Before Propofol Farmak is given to you, tell your anaesthetist or intensive care doctor if you have:

• heart disease.
• lung disease.
• kidney disease.
• liver disease.
• seizures (epilepsy).
• high pressure inside the skull (increased intracranial pressure). In combination with low blood pressure, this can reduce the amount of blood reaching the brain.
• altered fat levels in the blood. If you are receiving total parenteral nutrition (nutrition through a vein), blood fat levels should be monitored.
• if your body has lost a lot of water (you are hypovolaemic).

If you have any of the following conditions, you should be treated before Propofol Farmak is given to you:

• heart failure
• when not enough blood is reaching the tissues (circulatory failure)
• severe breathing problems (respiratory failure)
• dehydration (hypovolaemia)
• seizures (epilepsy)

Propofol may increase the risk of

• seizures.
• a nervous reflex that slows down the heart rate (vagotonia, bradycardia).
• changes in blood flow to the body's organs (haemodynamic effects on the cardiovascular system) if you are overweight and receive high doses of propofol.

Involuntary movements may occur during sedation with propofol. Doctors will take into account how this may affect surgical procedures performed under sedation and will take necessary precautions.

Very rarely, after anaesthesia, there may be a period of unconsciousness associated with muscle stiffness. This requires observation by healthcare professionals, but no other treatment is needed. It will resolve on its own.

The injection of Propofol Farmak can be painful. Local anaesthesia may be used to reduce the pain, but it may have its own side effects.

You will not be able to leave the hospital until you are fully awake.

If you are able to go home shortly after receiving propofol, you should not do so unaccompanied.

Children and adolescents

The use of Propofol Farmak 10 mg/ml emulsion for injection and infusion EFG is not indicated in newborns or children under 1 month.

Propofol must not be given to children and adolescents under 16 years for sedation in the intensive care unit, as its safety has not been established in this patient group for this indication.

Other medicines and Propofol Farmak

Tell your doctor if you are taking, have recently taken or might take any other medicines. This includes medicines that you buy without a prescription and herbal medicines.

In particular, tell your doctor, anaesthetist or nurse if you are taking any of the following medicines:

• rifampicin (for tuberculosis, TB)
• midazolam (used to induce sedation (a very relaxed state of calm, drowsiness or sleep) and to relieve anxiety and muscle tension).
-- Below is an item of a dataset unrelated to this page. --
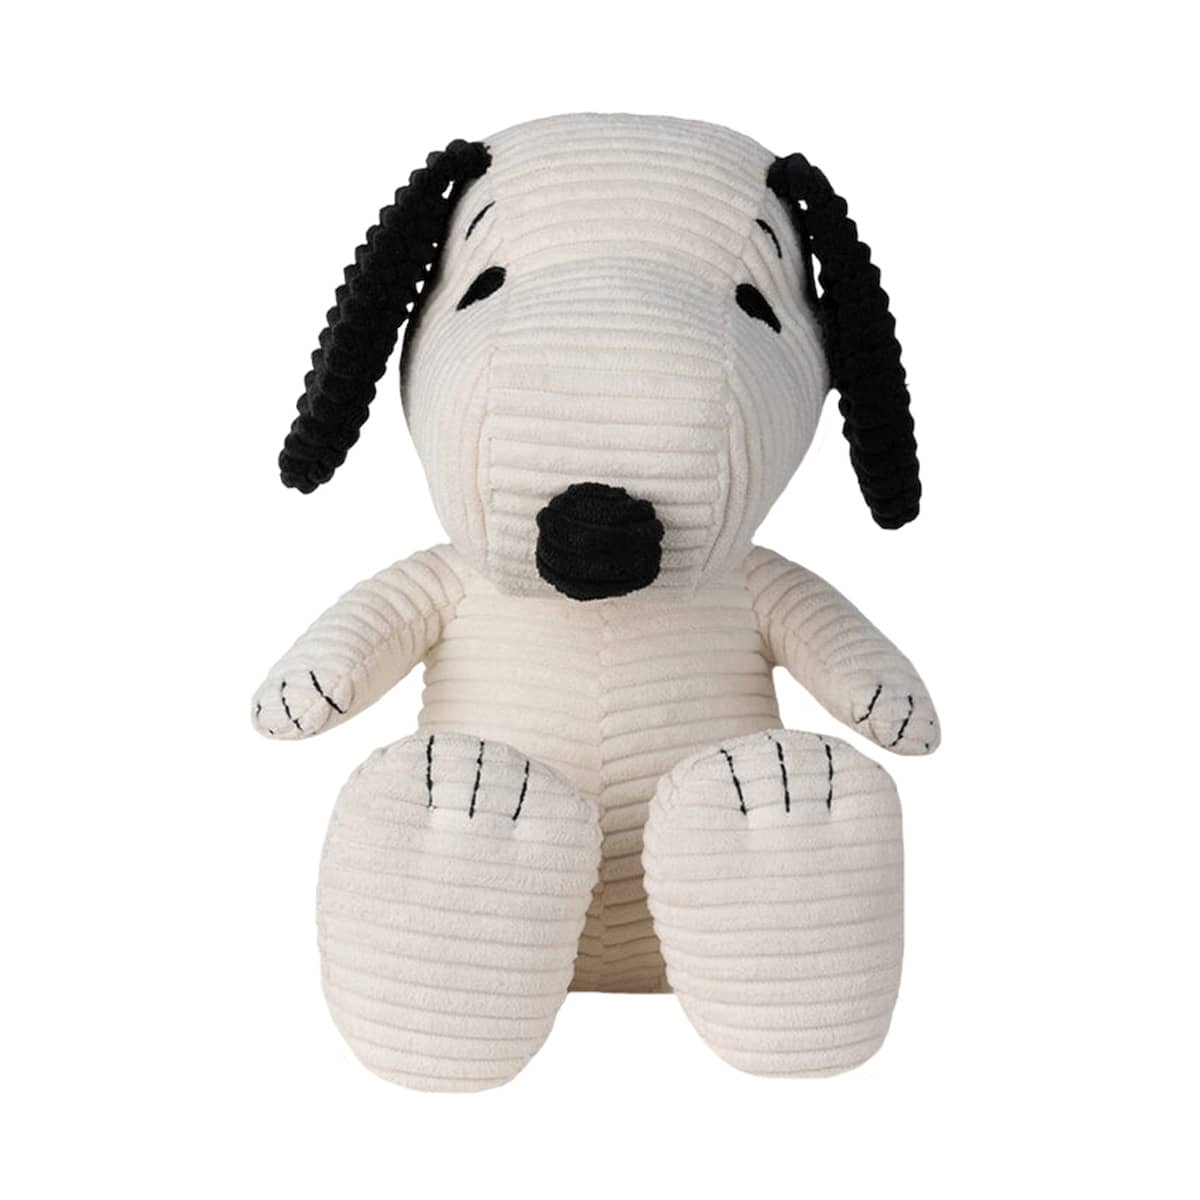 Bon Bon Toys Snoopy Sitting Corduroy Plush Toy in Gift Box

You should be careful if you are also taking or receiving any of the following medicines:

• pre-anaesthetic medication (your anaesthetist will know which medicines may be affected by propofol)
• other anaesthetics, including general, regional, local and inhalational anaesthetics (lower doses of propofol may be needed. Your anaesthetist will know).
• sedatives (analgesics)
• strong sedatives (fentanyl or opioids)
• parasympatholytic medicines (medicines used to treat, for example, painful spasms of organs, asthma or Parkinson's disease).
• benzodiazepines (medicines used to treat anxiety)
• suxamethonium (muscle relaxant)
• medicines that affect many of the body's internal functions, such as heart rate, for example, atropine.
• medicines or drinks that contain alcohol
• neostigmine (a medicine used to treat a disease called myasthenia gravis)
• ciclosporin (a medicine used to prevent transplant rejection)
• valproate (a medicine used to treat epilepsy or mental disorders)

Propofol Farmak with food, drinks and alcohol

After you have been given this medicine, you should not eat, drink or consume alcohol until you are fully recovered.
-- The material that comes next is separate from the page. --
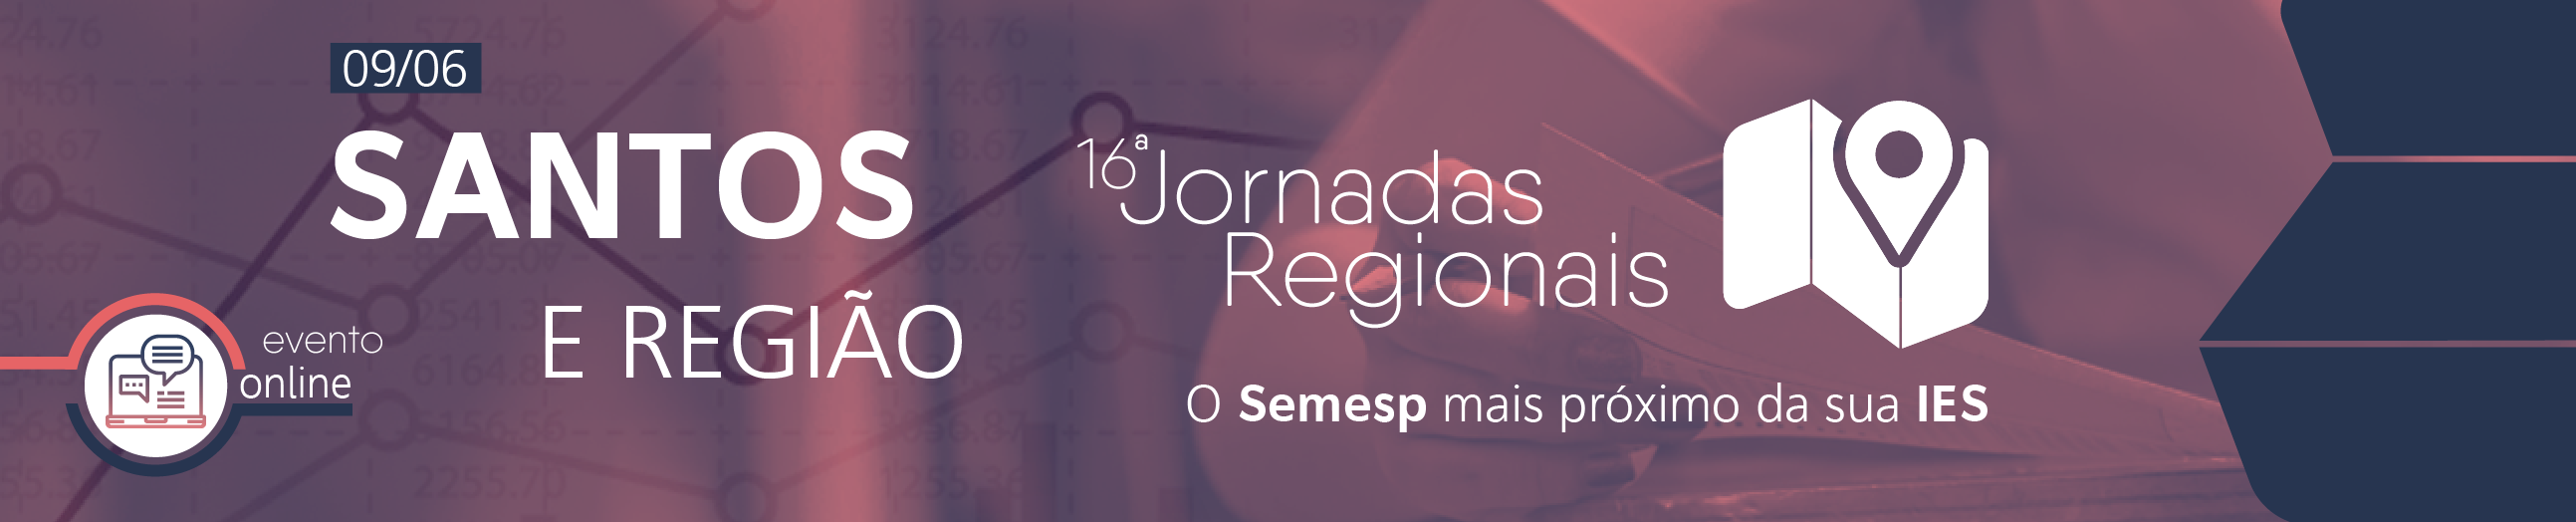 Jornadas Regionais | 16ª Edição - Santos

Pregnancy, breast-feeding and fertility

If you are pregnant or breast-feeding, think you may be pregnant or are planning to have a baby, ask your doctor for advice before taking this medicine.

The safety of propofol during pregnancy has not been established. Animal studies have shown reproductive toxicity.

Propofol should not be used during pregnancy unless absolutely necessary. However, propofol may be used during induced abortion.

Propofol crosses the placenta and may cause neonatal depression (neonatal depression syndrome due to drugs). You should stop breast-feeding and discard any expressed breast milk for 24 hours after receiving propofol.

Driving and using machines

After receiving propofol, you may still feel drowsy for some time.

Do not drive or use tools or machines until you are sure that the effects have worn off.

If you are able to go home shortly after receiving propofol, do not drive or go home unaccompanied, or use tools or machines.

Ask your doctor when you can resume these activities and return to work.

Propofol Farmak contains soya oil and sodium

Propofol Farmak contains soya oil. If you are allergic to peanut or soya, do not use this medicine.

This medicine contains less than 1 mmol of sodium (23 mg) per 100 ml, i.e. it is essentially ‘sodium-free’.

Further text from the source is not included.